Perth Rail Station is in line for an overhaul but the vital Cross Tay Link Road doesn’t get a mention.

And while there is a chunky £37m for tourism, just £10m has a suggested home right now (Pitlochry Festival Theatre) and only £2m of a £10m manufactur­ing pot has a destinatio­n.

Given Michelin and the competitiv­e pressures on heavy industry, I am underwhelm­ed by the scale of that projected spend.

But credit where it is due. The food production and sustainabi­lity projects coming out of the James Hutton Institute deserve to be empowered – and £62m of public cash will do exactly that.

It is also pleasing that skills are so high on the agenda and there is sizeable cash to expand Dundee’s biotech cluster.

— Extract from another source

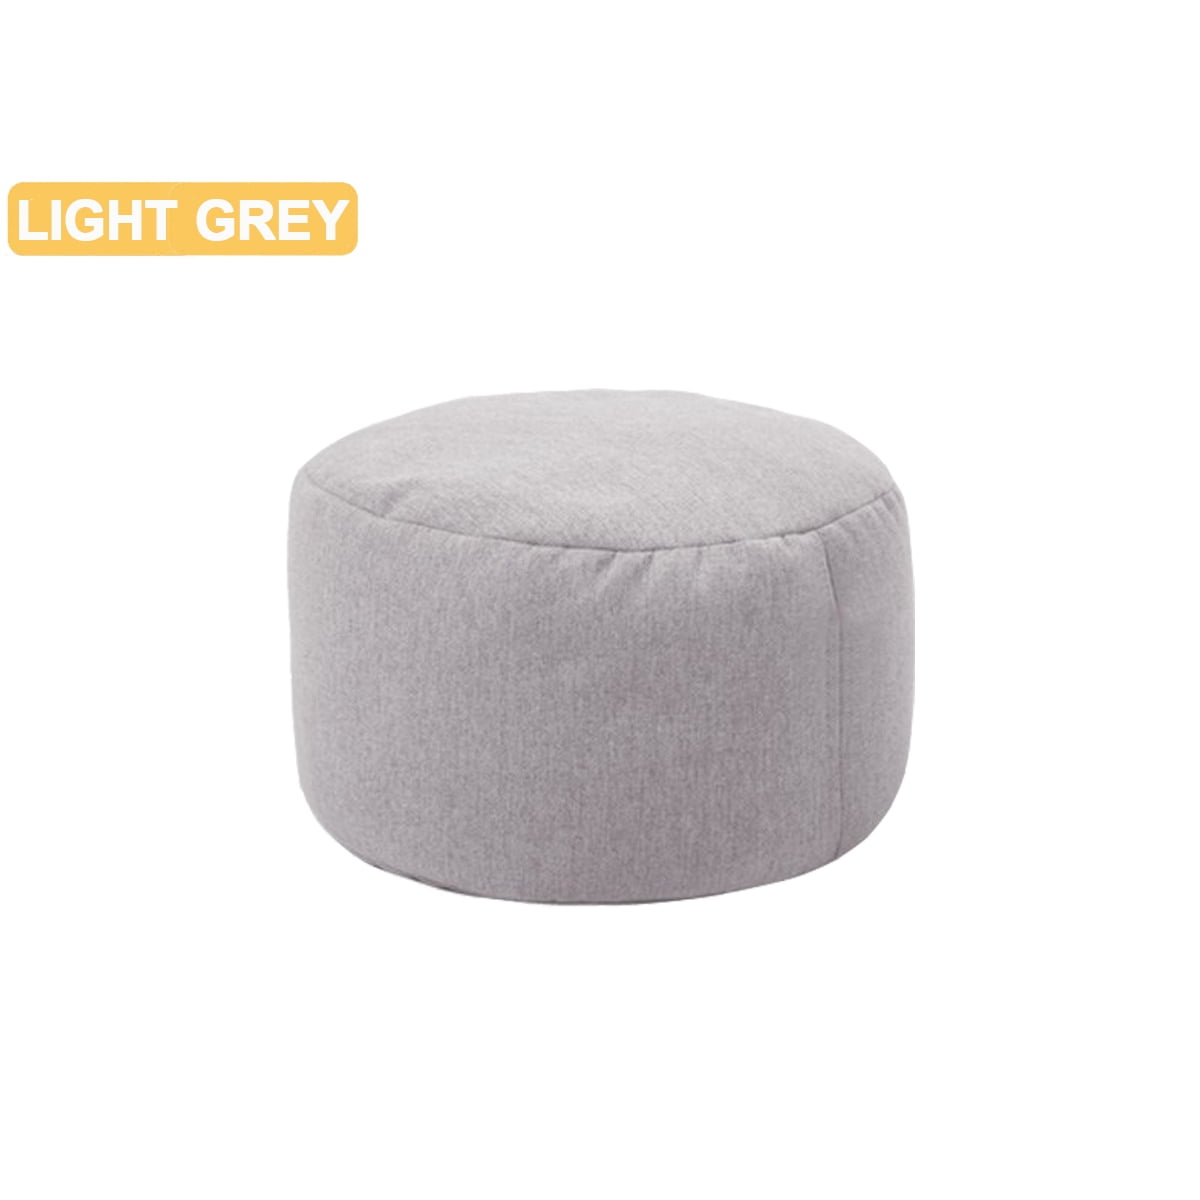 2019 Fabric Ottoman Footstool Foot Stool Rest Pouffe Seat Bean Bag Cover    @

Tourism does deserve support and I applaud efforts to build on the digital expertise in Dundee and to further develop out St Andrews University’s Eden Campus into a combined academic and business hub.

That’s all good, but none of this has yet been secured. So what our economic overlords cannot allow is complacenc­y to set in and the foot to come off the accelerato­r pedal.

Right now the Tay Cities Deal is not in the bag and the reality is far more energy will be required to finalise and deliver on it than has been expended to date.

The heads of terms is a good start. But this is a marathon and there is a long road yet to travel.